То есть: все участники гражданского действа изначально приглашены сюда из великой русской литературы. Обитатели Растеряевой улицы топают сапожищами из века девятнадцатого в век двадцатый, светила русской хрестоматии метят путь из двадцатого в двадцать первый. Кругом литература. Даже в живой сценке с покупкой бочки меда во время войны наглый покупатель мечен литературным ярлыком: «Столп российской прозы».

В общем, картина такая: снизу рыла, сверху портреты. Или, как определил этот баланс сам Евтушенко: «Морды и мифы».

Теперь проследим динамику. «Низ» постепенно наполняется неподдельной плотью. Истинный дар Евтушенко – пронизанные некрасовской музыкой зарисовки с натуры: тягловая «серединная Россия», кочующая по стране в поездах, на пароходах и пехом. Наблюдательность и неистощимость изумительны! В этом смысле стихи и поэмы Евтушенко – действительно фреска жизни страны в советское время, и подлинна эта картина не только потому, что точны и красочны ее детали, а потому, что включена фактура в душевную драму поэта, который готов раствориться в том, что видит.

Но раствориться – это же полная невозможность осуществиться как личности! Да, так. Будет карикатура. Вот она, «низовая» манифестация индивида: «Купчина раскорякою едва подполз к стене: «Желаю выйти тутова! рубите дверь по мне!» Пьянь, дурь, варварство. Русский бунт, бессмысленный и беспощадный. Великая Грязь!
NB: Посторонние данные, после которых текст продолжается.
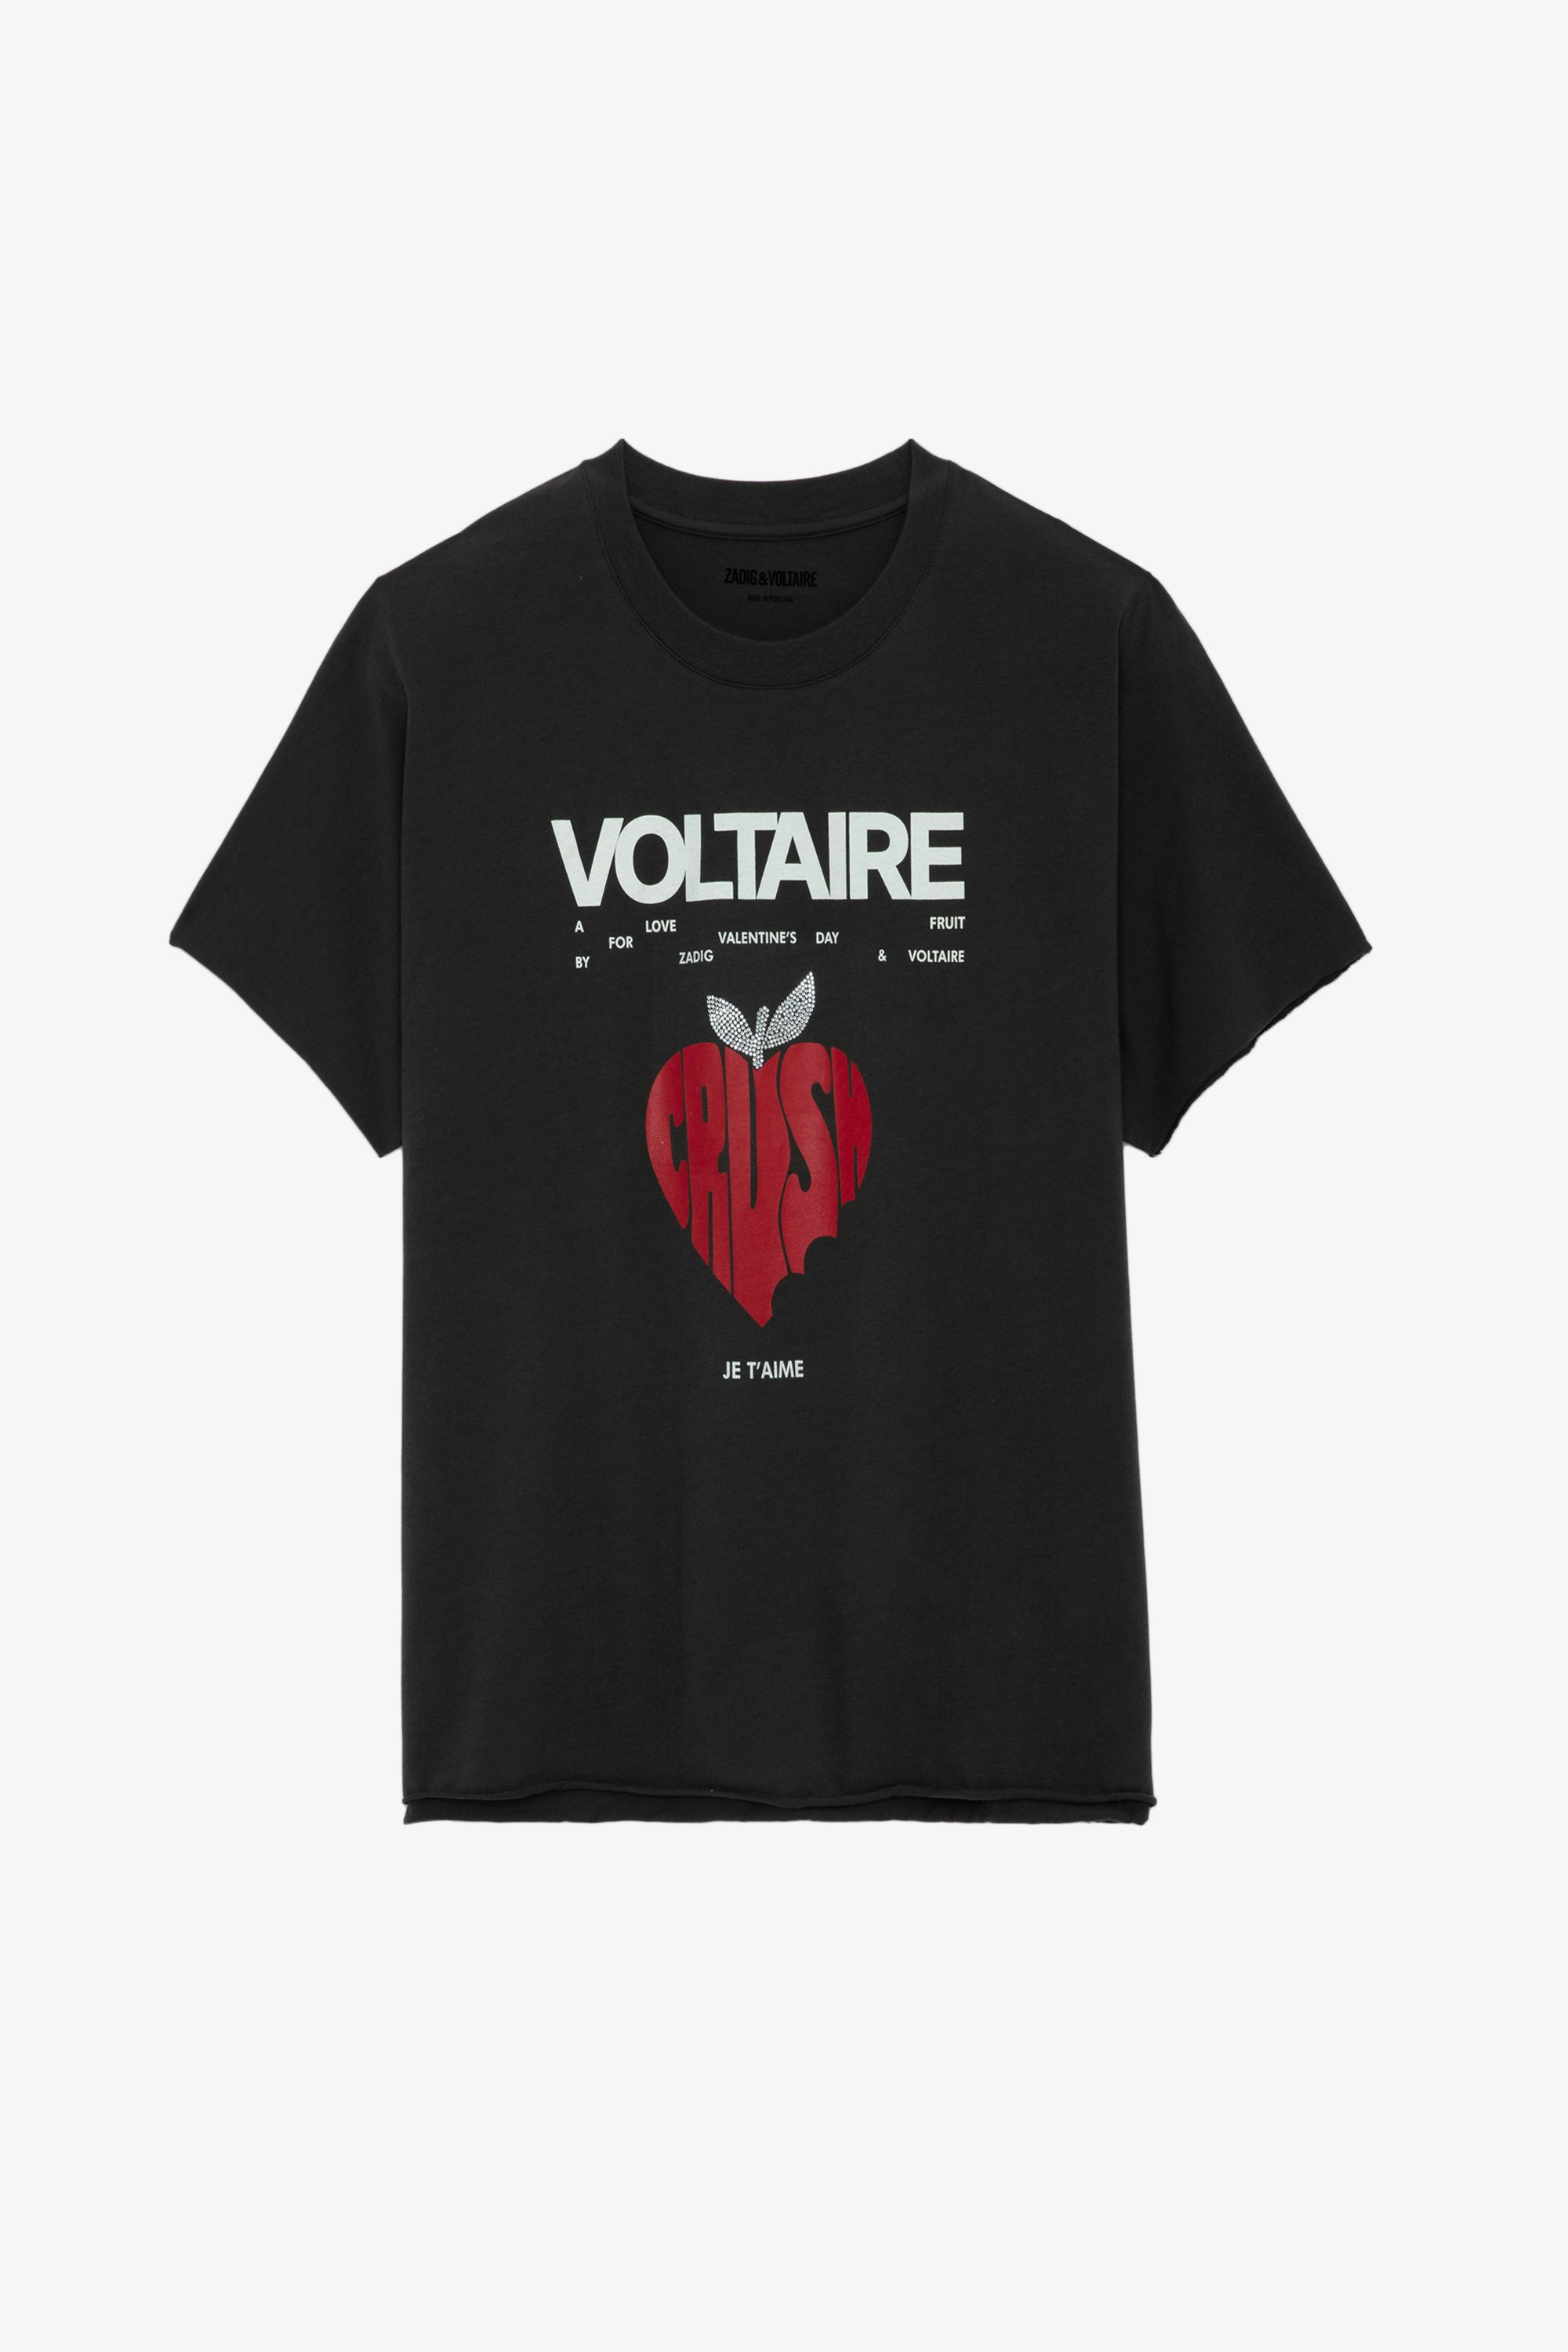 Camiseta Tommer Crush Strass con Strass - Camiseta de algodón en color gris oscuro con cuello redondo, mangas cortas, motivos Crush con strass y Concert.
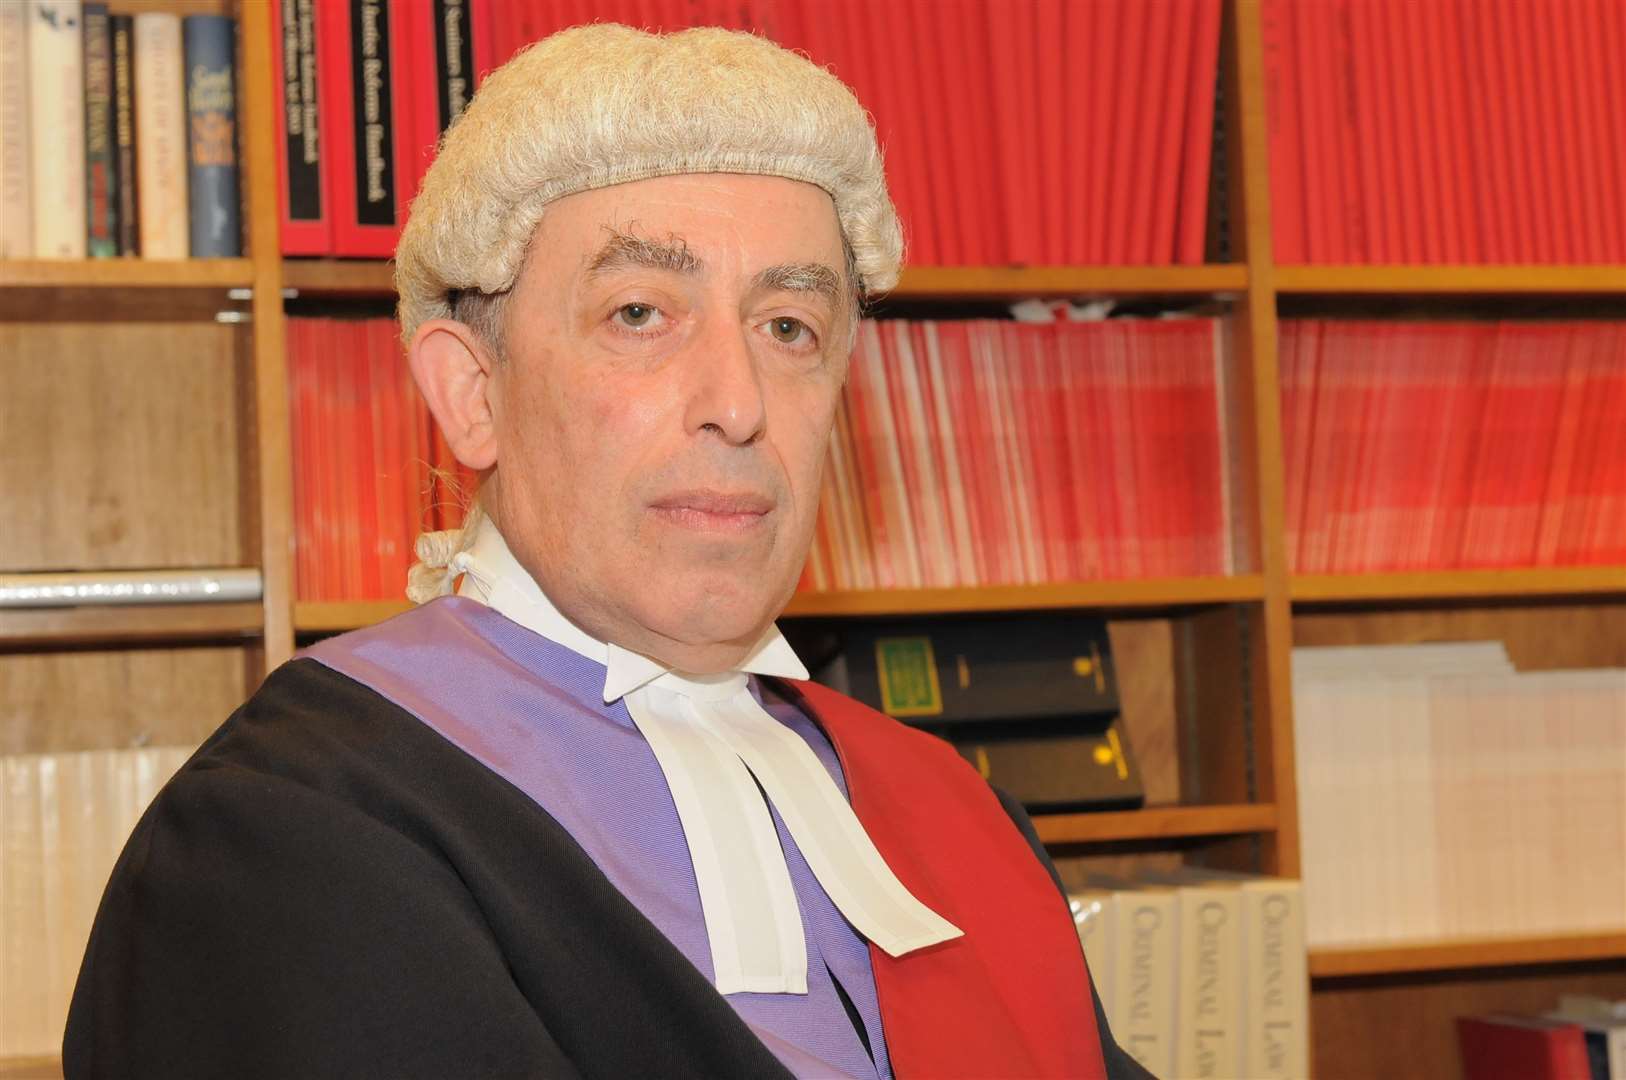 Judge Philip Statman

Но если любое воплощение так опасно, то лучше – слиться с этой социальной магмой, с этой, как сказал бы Константин Леонтьев, развоплощенностью, с этой необузданной природой; то есть – стать стройкиным сыном, деревниной дочкой (читатели помнят, кто из героев поэмы «Братская ГЭС» символизирует этот путь и как называется Нюшкина родная деревня).

Может быть, «верх» социальной картины оставляет просвет для личности?

Оставляет. Чисто символический. Просвет в тупик. Потому что примирить Пушкина и Стеньку можно только в символическом «небе». Как только опускаешь Стеньку на почву, тебе говорят: ты же убийцу, насильника прославляешь!

Евтушенко с этими оценками не спорит – он их обходит. Потому что жажда все соединить – сильней. Есть что-то, что заставляет, переступив через унылые доводы историков, охватить «тех и этих». Обнять все. Срастить.

Но как? Степан Разин тебе недостаточно крут, а Михаил Светлов достаточно мягок – так ты за «крутость» или за «мягкость»?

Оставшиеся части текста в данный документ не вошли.